Wednesday, September 24, 2014

DEMO: Artists' Laboratory

Herman Cornejo & Robert Fairchild in Concerto 622. Courtesy of Works & Process at the Guggenheim/Jacklyn Meduga
Gone are the days of mourning a great dancer's retirement from New York City Ballet. Now, such an occasion can bring experimentation, broad collaboration, the unboxing of creative tendencies. We expect interesting things from Wendy Whelan, who takes her leave after this season to further her collaborations with young choreographers. And look at Damian Woetzel, who runs the Vail International Dance Festival and who brought his project, DEMO, to Guggenheim Works & Process this past week. 

He ran the show like a consummate professional, speaking eloquently about the project's simple mission: "Things I Like," following organizing principles such as science or musicality. Then he gathers like-minded (that is, open minded) friends who happen to be stellar artists, be they dancers, musicians, poets, scientists. Then he combines them together in short performances, creating individual nuggets strung on a common cord. 

It helps that his friends happen to also be superstars. The evening began with a duet by Fang-Yi Sheu, perhaps the finest performer of Martha Graham's oeuvre in the company's long history, and Herman Cornejo, a current rock star of ABT, standing with his back to us, emanating warm energy in that magical way he does. They performed Sheu's Pheromones to Philip Glass' pensive Façades, tracing one another's auras with their faces or palms, increasing in amplitude and speed until they tumbled across the stage in artful heaps. 

Fang-Yi Sheu & Cornejo with Claire Chase on flute.
Courtesy of Works & Process at the Guggenheim/Jacklyn Meduga

Sheu joined Lil Buck, jookin's premier attraction (hampered by a sprained ankle contained in a walking boot), after he improvised a solo to Claire Chase (a MacArthur fellow) on platinum flute, playing Edgard Varèse's fitful, at times shrill music. While it was game of Buck to even perform—an ankle injury caused him to bow out of last week's Fall for Dance al fresco opener at the Delacorte—his rippling arms and robotic head offered little new. But when Sheu boldly braced herself upside-down on the chair on which Buck sat, and planked her body across his lap, the interest ratcheted up several notches. 

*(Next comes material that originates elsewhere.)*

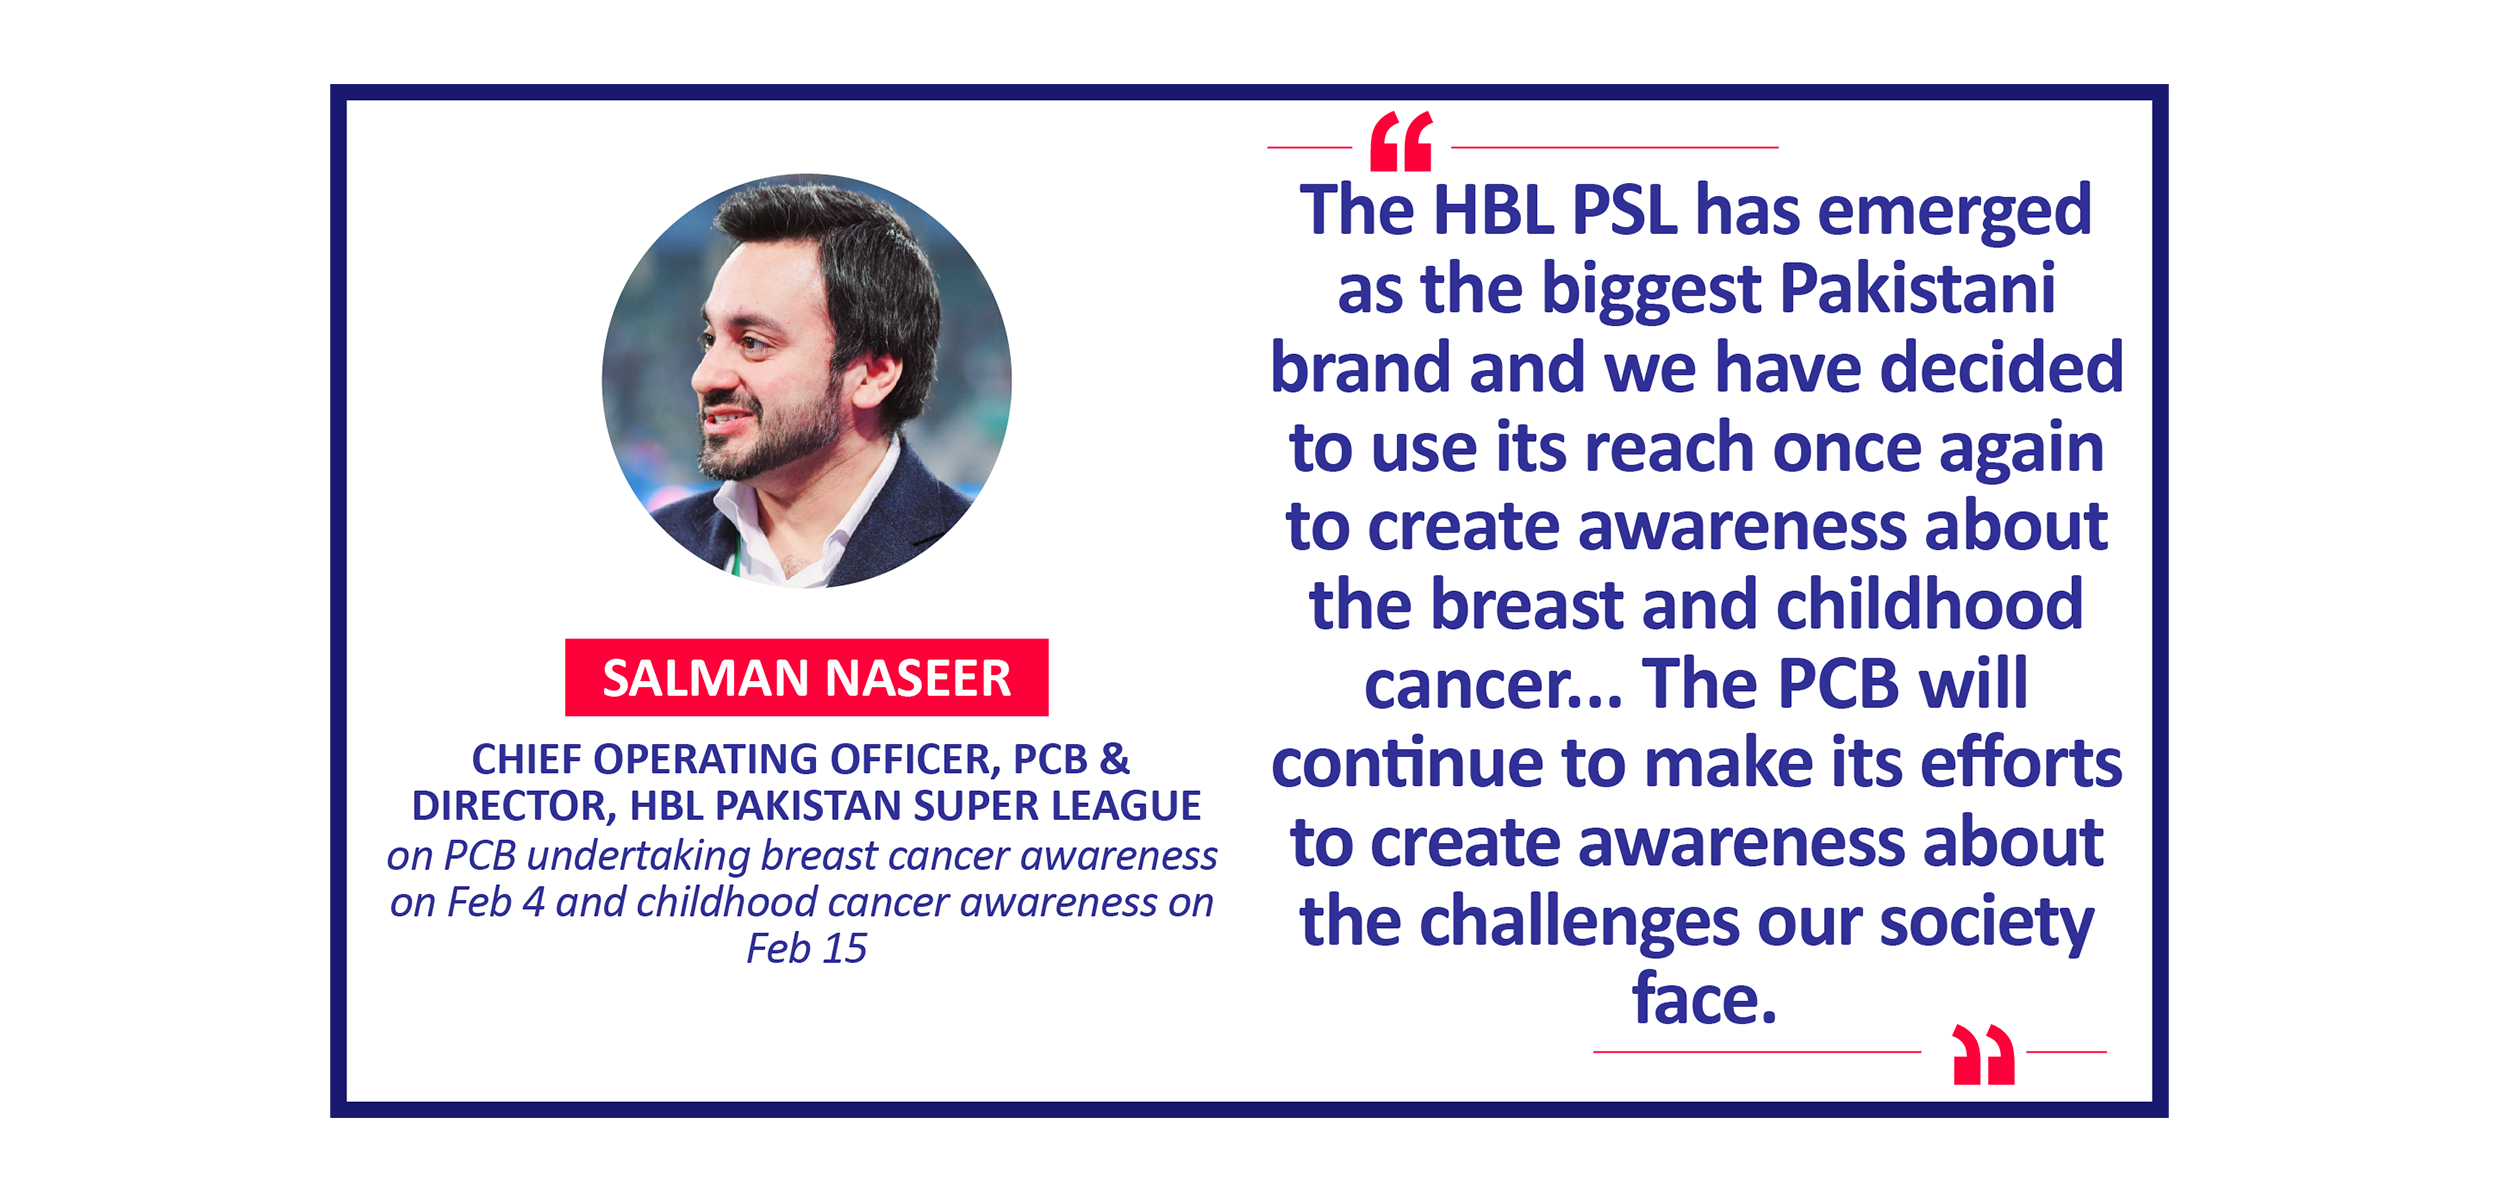 Salman Naseer, Chief Operating Officer, PCB & Director, HBL Pakistan Super League on PCB undertaking breast cancer awareness on Feb 4 and childhood cancer awareness on Feb 15

Some musical segments pushed the form both structurally and geographically. Sandeep Das, on tabla, took up a self-imposed challenge of following a 15-beat phrase cut in half: 7.5. He tapped it out on his tabla while Woetzel egged him on, clapping heartily if not 100% of the time on the unconventional count. Cristina Pato played the Galician bagpipe, evoking music deriving from countries close to the equator, and less the upright Scottish mode (although Woetzel immediately began his Union Jack march when she mixed a few bars into her piece). She returned to play the piano while Logan Frances Kruger of the Limon Company danced a Mazurka excerpt, emphasizing weightiness and circular musicality.

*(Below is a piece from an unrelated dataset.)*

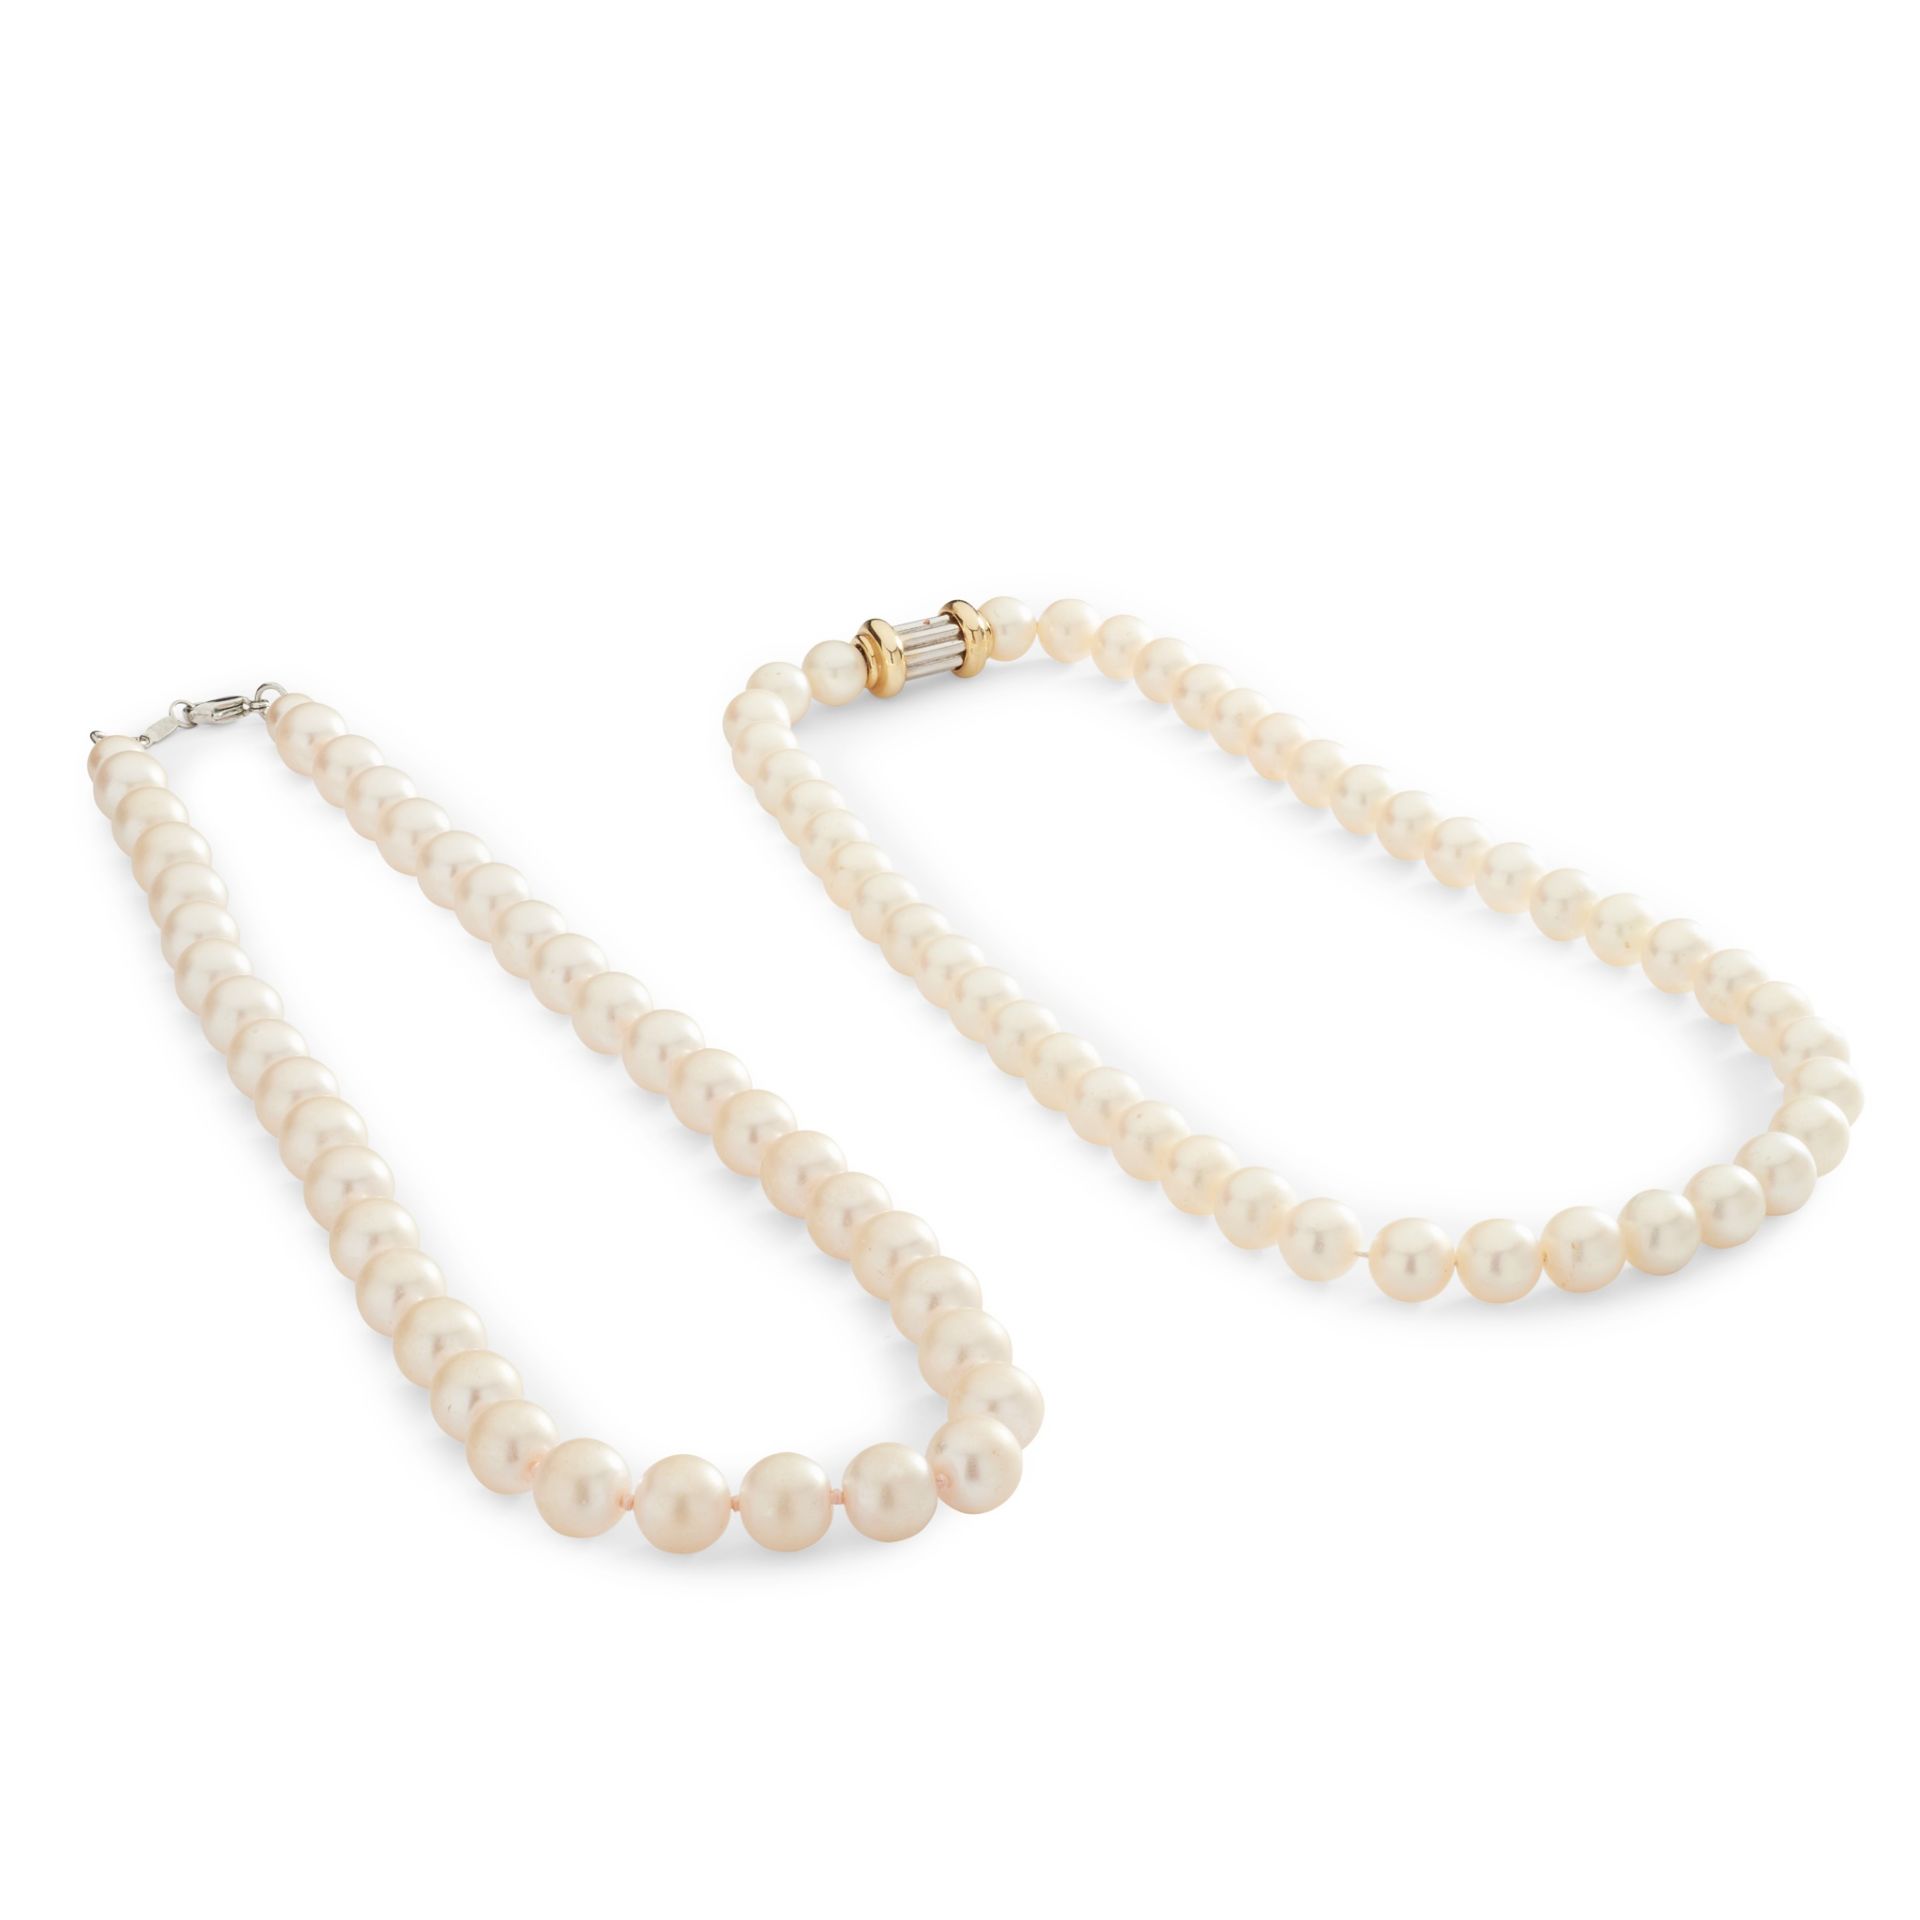 Two cultured pearl necklaces

Fairchild had begun rehearsals on Monday for An American in Paris, which is slated for Broadway. He and Woetzel had thrown together a rendition of "Ballin' the Jack," from a video of Gene Kelly. No doubt Fairchild recalls at times the athletic, jazzy Kelly, even in the most classical of repertory. Here, he was harnessed by the small, fan-shaped stage, but we got a sense of his exciting musical theater potential. And it's conceivable that he could continue on Broadway long after his departs the acute technical demands of ballet. Or, he could easily slip into work by, say, Lar Lubovitch, who choreographed the duet from Concerto Six Twenty-Two, danced at the Guggenheim by Fairchild and Cornejo. While Cornejo's preternaturally organic movement style is more naturally suited to the looping, fluid style, both men exude the quiet star power that characterizes Lubovitch's dancers.

The duet completed the last portion of the evening—on the theme of Monumentum, or remembrance—rounded out by a performance of Stravinsky's desolate, fractured Elégie by Johnny Gandelsman on violin, poet Elizabeth Alexander reading three vivid selections, and Chase playing Du Yun's An Empty Garlic (excerpt) on bass flute—as she described it, a big piece of plumbing. She will play the full work at The Kitchen in the near future.

The evening had the feel of an artist's salon, despite the absence of the previously billed Carla Korbes and Tiler Peck, and some performances were more rehearsed and polished than others, but you could imagine the ideas floating about, colliding, mixing, producing new ideas, with a little coaxing and orchestration by Woetzel, flourishing splendidly in his said retirement.